WORK TO BE COMPLETED: Go to the line containing "Batteriekabel" below; retype it and all following lines exactly, and leave out the pictures.

DATA UNDER STUDY:

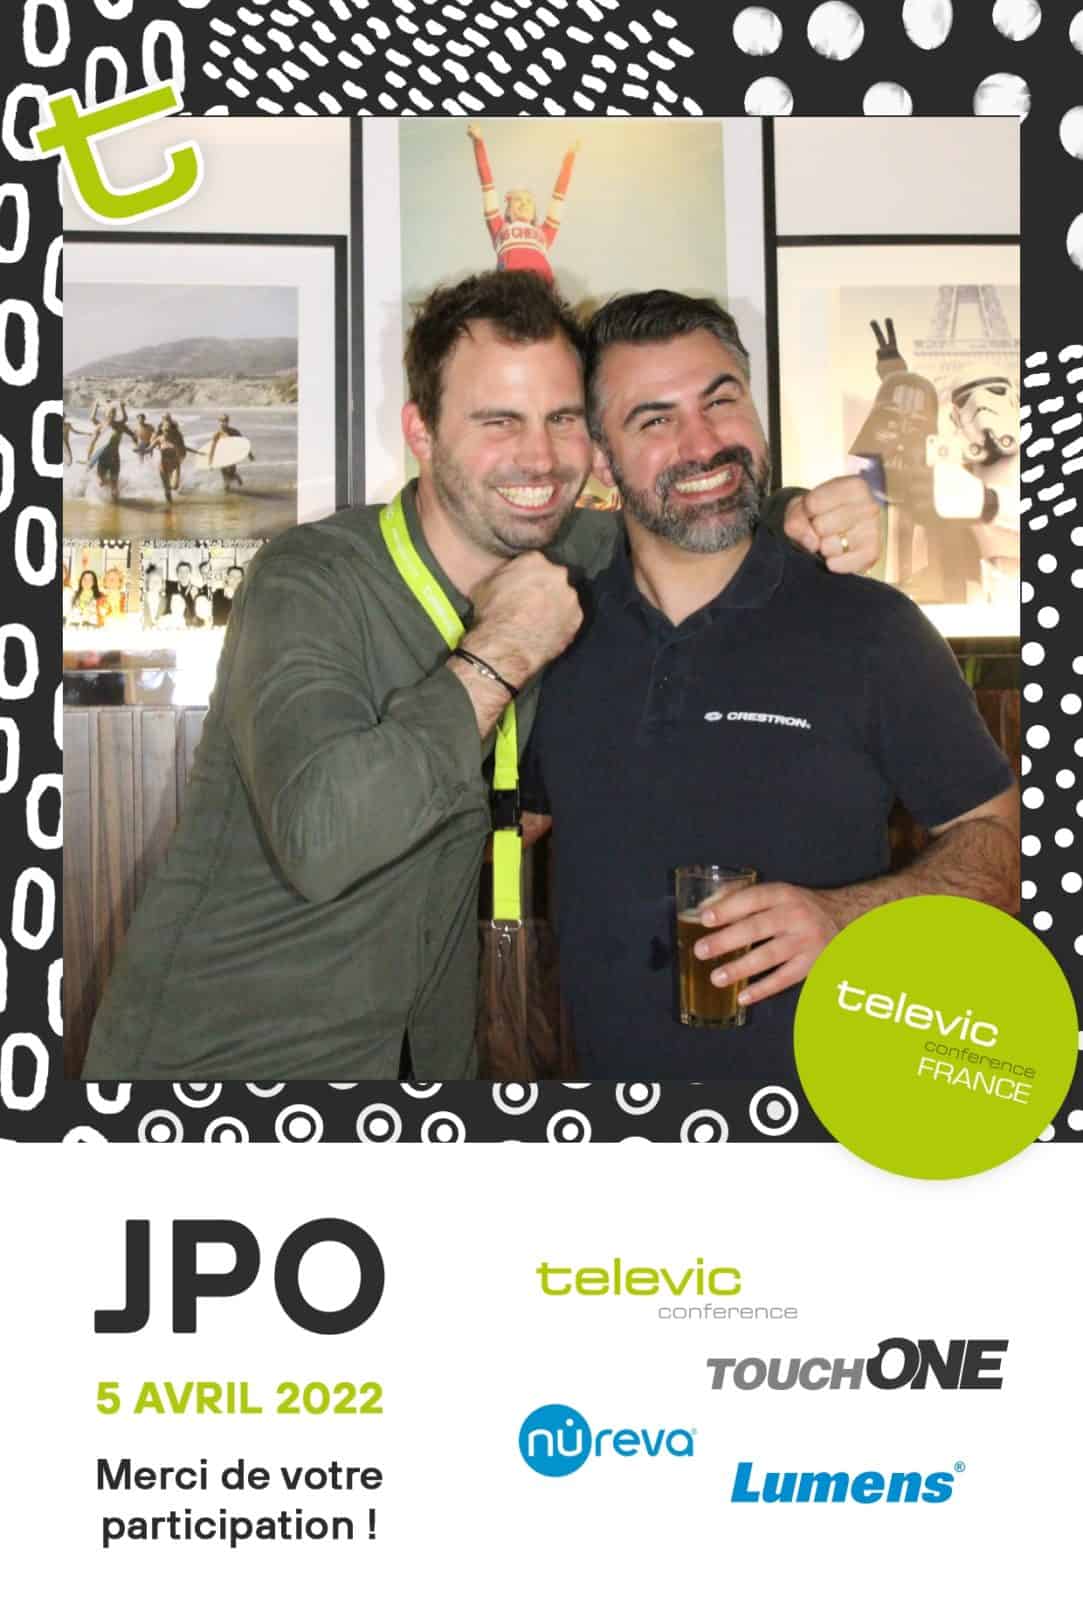 Borne Photo JPO Televic 29
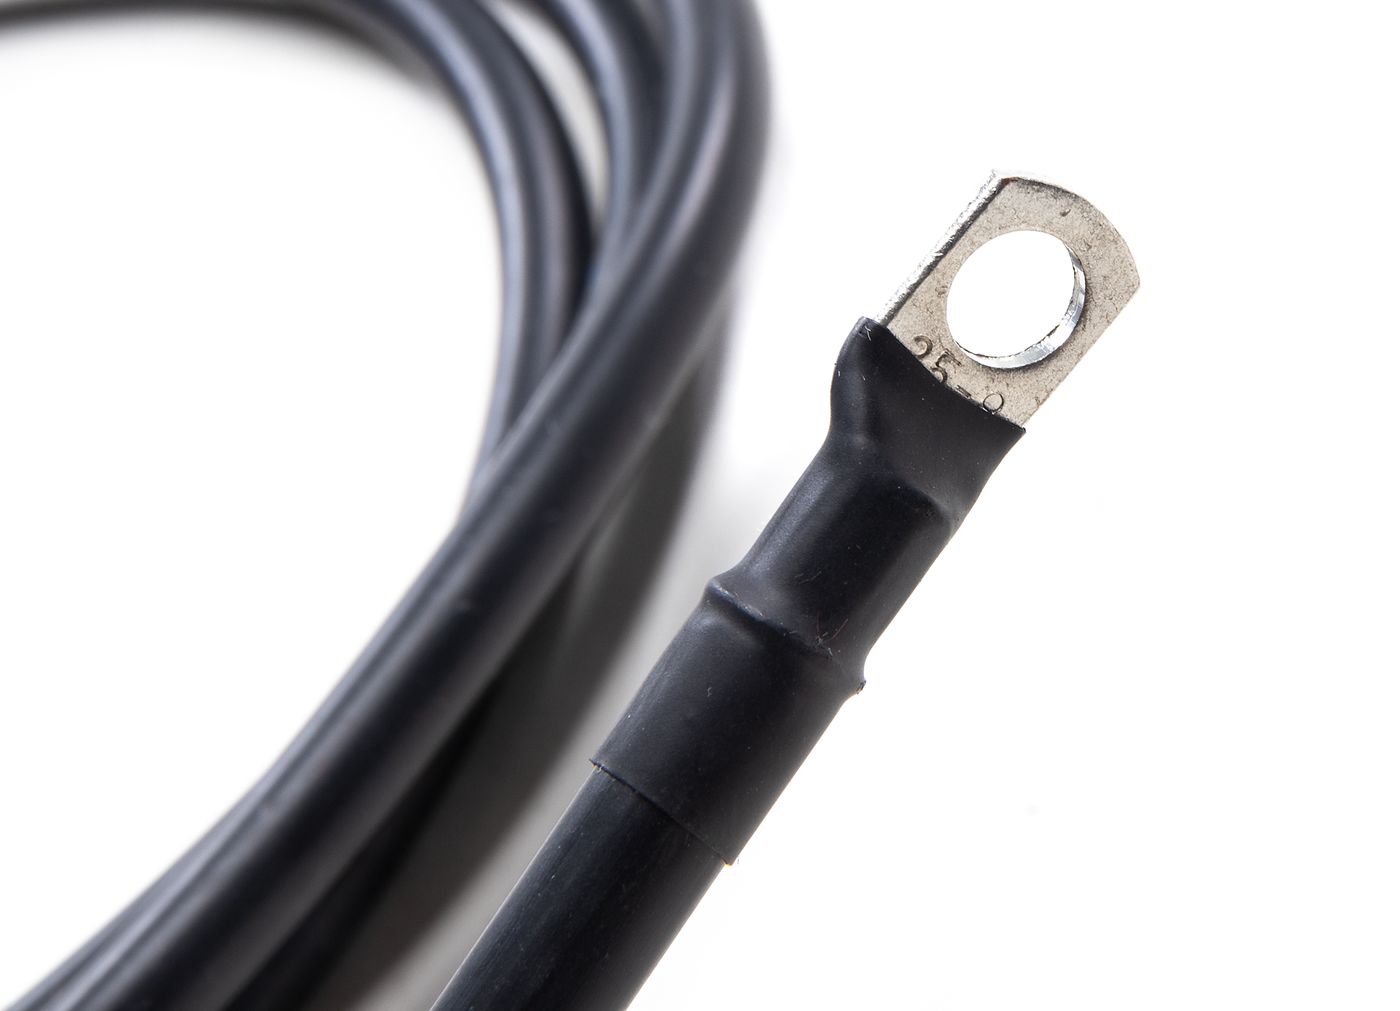 Batteriekabel
Battery cable
Câble de batterie
Kabel akumulatora

RESULT OF THIS EXERCISE:
 Batteriekabel
Battery cable
Câble de batterie
Kabel akumulatora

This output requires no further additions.